In more basic terms, the AE service identifies missing or inconsistent shards and repairs them (it’s a DIFF process).

AE can only perform its heroism when there is at least one copy of the shard still available.

AE will not compare or repair hot shards, meaning that the shard can’t have active writes. Hot shards are more prone to change, and at any given moment, arrival of new data affects AE’s digest comparison.

Quorums for reading and writing

If there are n replicas, every write must be confirmed by w nodes to be considered successful, and we must query at least r nodes for each read. As long as w + r > n, we expect to get an up-to-date value when reading, because at least one of the r nodes we’re reading from must be up to date. Reads and writes that obey these r and w values are called quorum reads and writes.

Normally, reads and writes are always sent to all n replicas in parallel. The parameters w and r determine how many nodes we wait for.

What’s more, w and r are configurable, which means if the system is write heavy, we can set smaller w to reduce replication complexity.

Limitations of Quorum Consistency

Even w + r > n, sometimes READ still gets stale values:

If a sloppy quorum is used, the n will change, which break the w + r > n rule.
If two writes occur concurrently, it is not clear which one happened first. If we choose use timestamp to pick the winner, the clock skew will make replicas inconsistent.

in leader-based strategy, leader will decide which is winner then send it to all replicas, but leaderless means every replica can has its own thought.
If a write happens concurrently with a read, the write may be reflected on only some of the replicas.
If a write succeeded on some replicas but failed on others and overall succeeded on fewer than w replicas, it is not rolled back on the replicas where it succeeded.
If a node carrying a new value fails, and its data is restored from a replica carrying an old value, the number of replicas storing the new value may fall below w, breaking the quorum condition.

Monitoring staleness

Even if your application can tolerate stale reads, you need to be aware of the health of your replication. If it falls behind significantly, it should alert you so that you can investigate the cause.

For leader-based replication, the database typically exposes metrics for the replication lag, which you can feed into a monitoring system. This is possible because writes are applied to the leader and to followers in the same order, and each node has a position in the replication log (the number of writes it has applied locally). By subtracting a follower’s current position from the leader’s current position, you can measure the amount of replication lag.

For leaderless replication, there is no fixed order in which writes are applied, which makes monitoring more difficult. Moreover, if the database only uses read repair (no anti-entropy), there is no limit to how old a value might be — if a value is only infrequently read, the value returned by a stale replica may be ancient.

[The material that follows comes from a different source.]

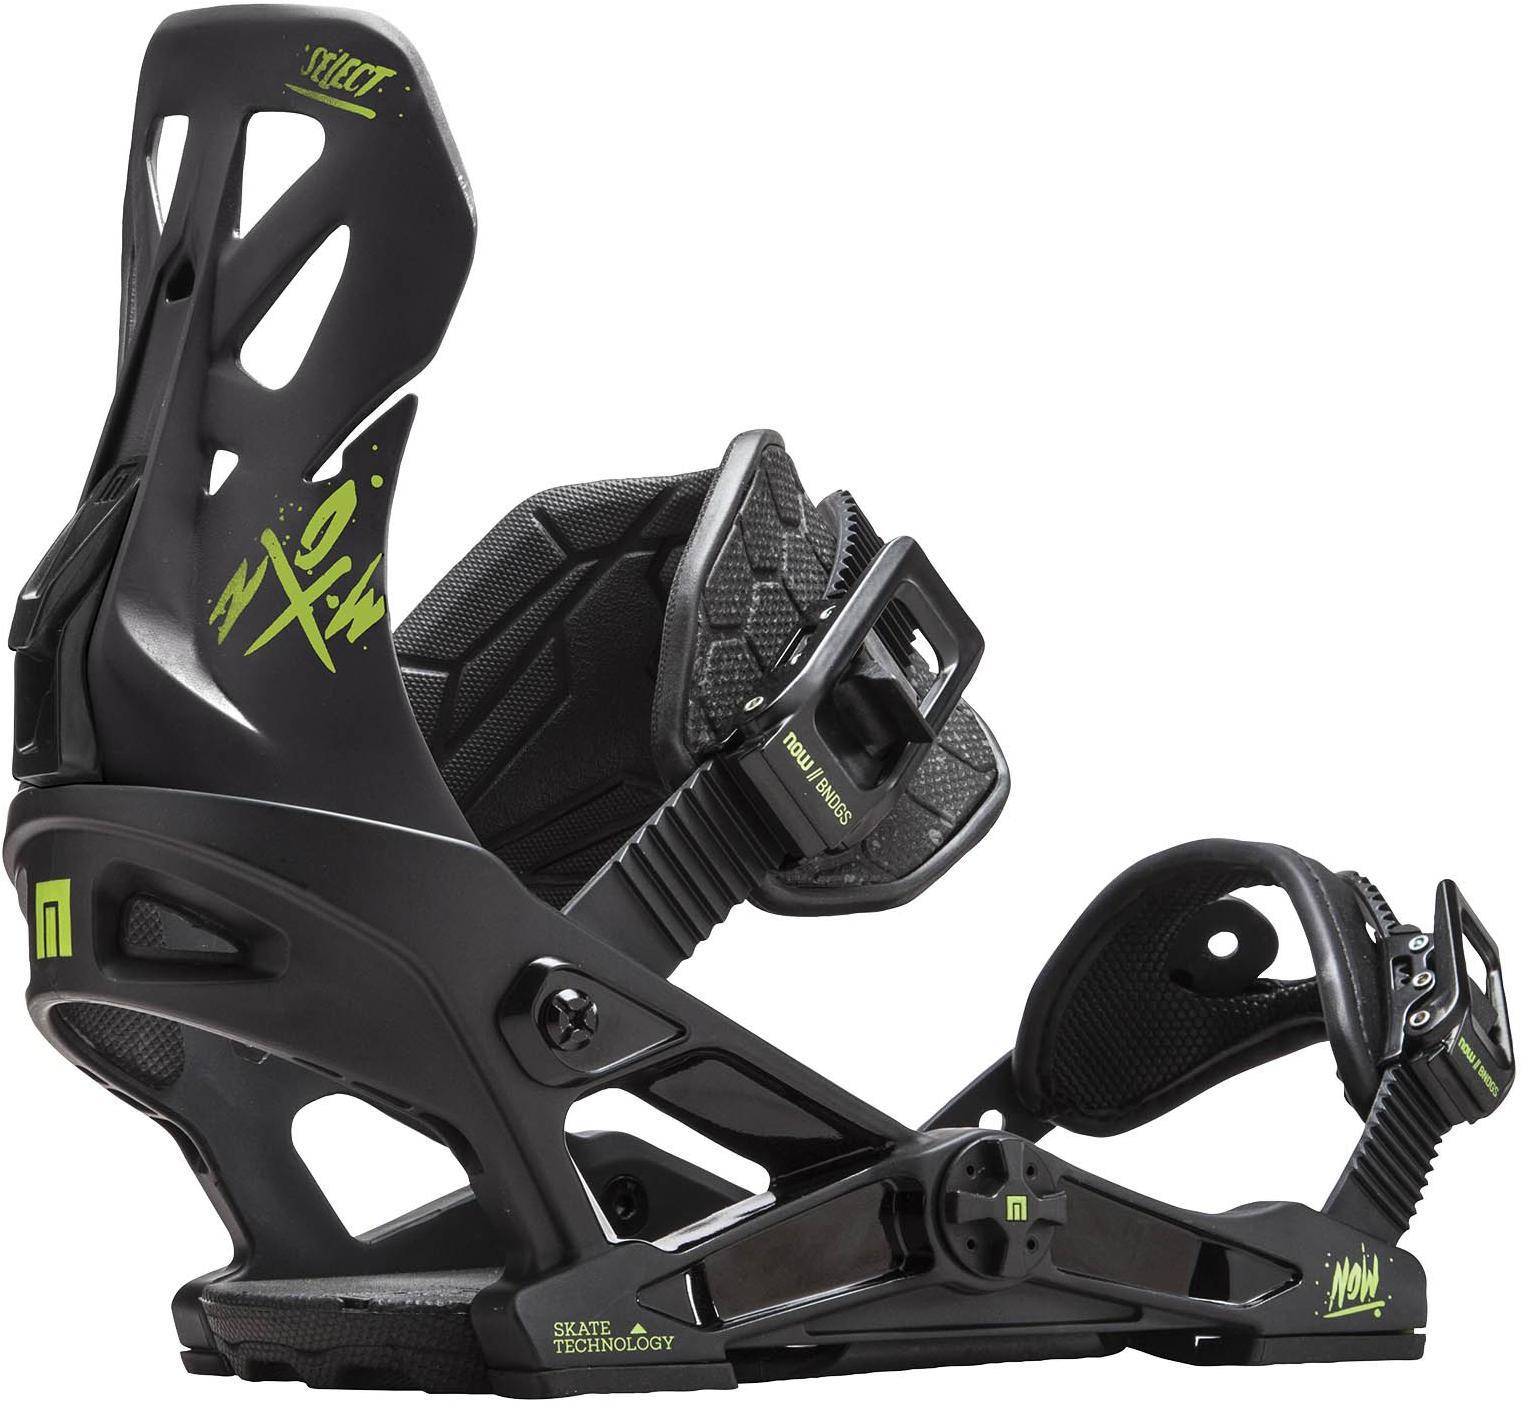 Крепления для сноуборда NOW Select, 7640178032965, черный, размер M

For leaderless, we can write only partial replicas, so the write log in one replica cannot represent the actual write order for the whole system.

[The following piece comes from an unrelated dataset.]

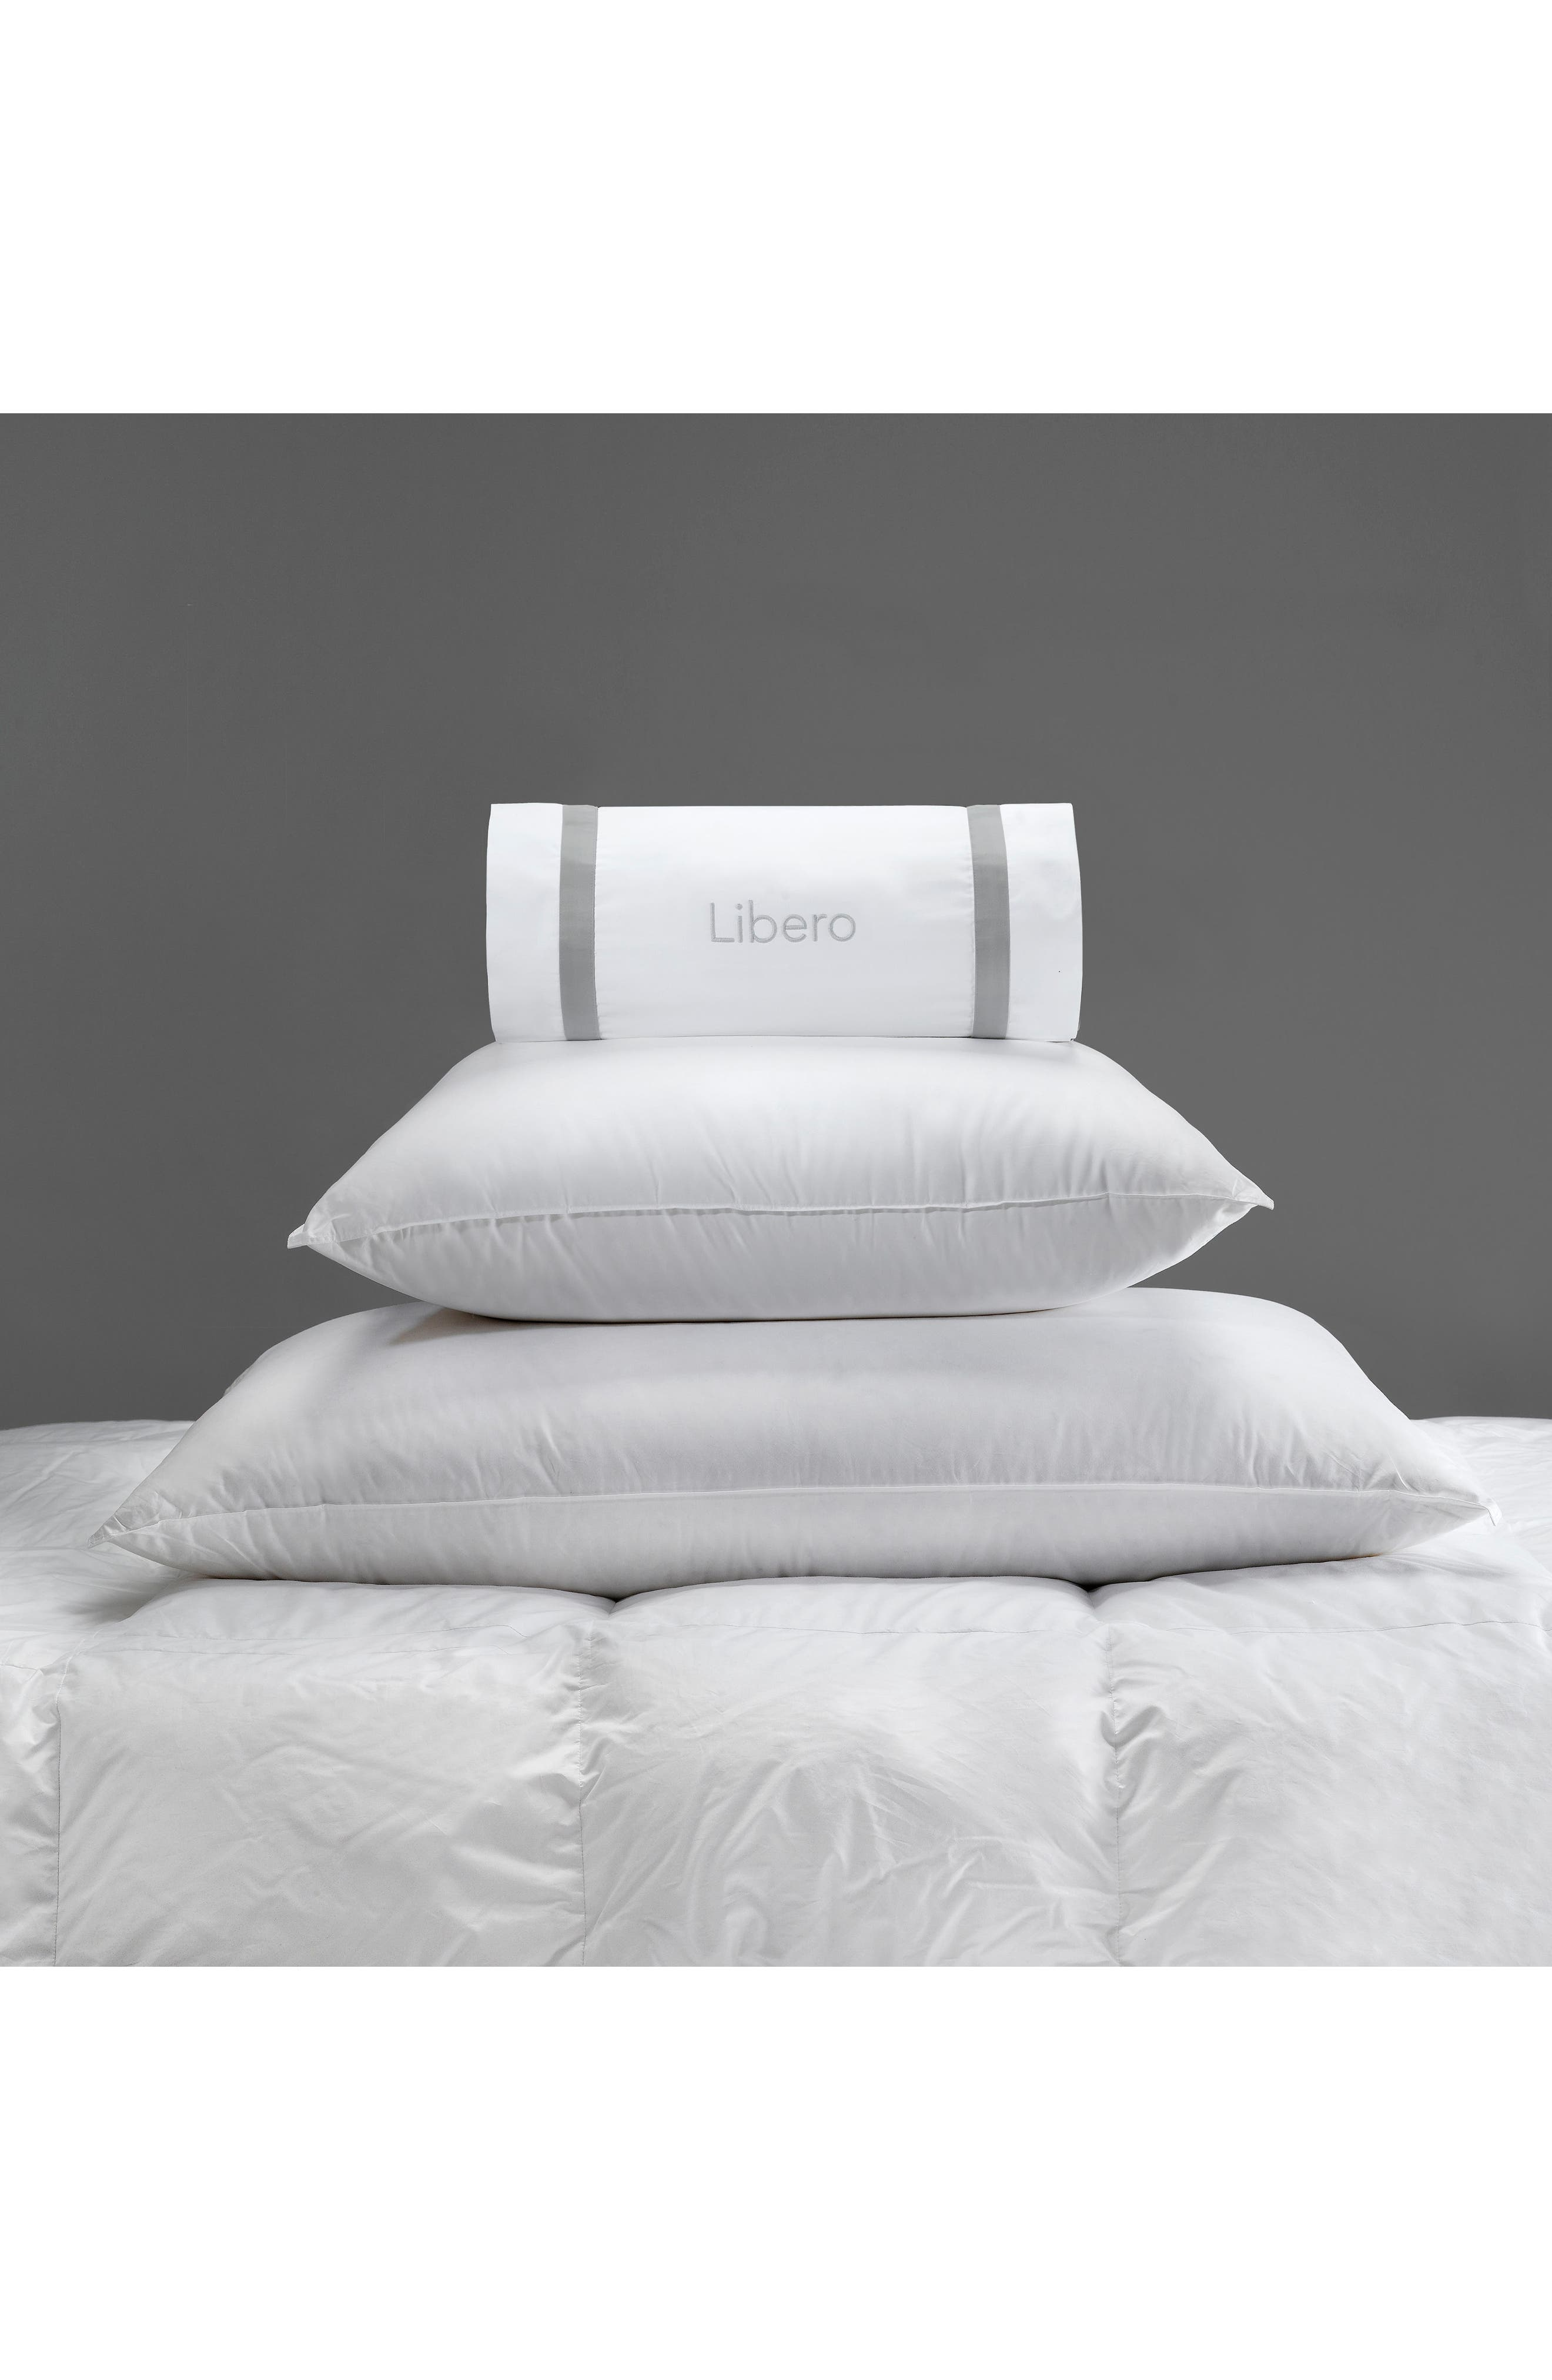 Libero Firm Boudoir Pillow,                             Alternate thumbnail 2, color,                             White

Sloppy Quorums and Hinted Handoff

A network interruption can easily cut off a client from a large number of database nodes. Although those nodes are alive, and other clients may be able to connect to them, to a client that is cut off from the database nodes, they might as well be dead. In this situation, it’s likely that fewer than w or r reachable nodes remain, so the client can no longer reach a quorum.

There are two choices:

let all write and read fail
accept write for now, but write it to some nodes that are reachable but aren’t among the original n quorum

The second choice is called sloppy quorum.

For example originally we choice 10 nodes from [1, …, 10], and if some machines are not reachable ([1, 2, 3, 4]), we write to [5, …, 10, 11*, 12*, 13*, 14*].

Sloppy quorums are particularly useful for increasing write availability: as long as any w nodes are available, the database can accept writes. However, this means that even when w + r > n, you cannot be sure to read the latest value for a key, because the latest value may have been temporarily written to some nodes outside of n

Once the network interruption is fixed, any writes that one node temporarily accepted on behalf of another node are sent to the appropriate “home” nodes. This is called hinted handoff.

For example, when 1, 2, 3, 4 become available, the 11*, 12*, 13*, 14* will quit the quorum and the system still use [1, …, 10] as quorum. But the problem is the [1, …, 4] don’t have up-to-date values. In some systems, 11*-14* may send temporary stored updates back to 1-4 to make the original quorum works like nothing happend.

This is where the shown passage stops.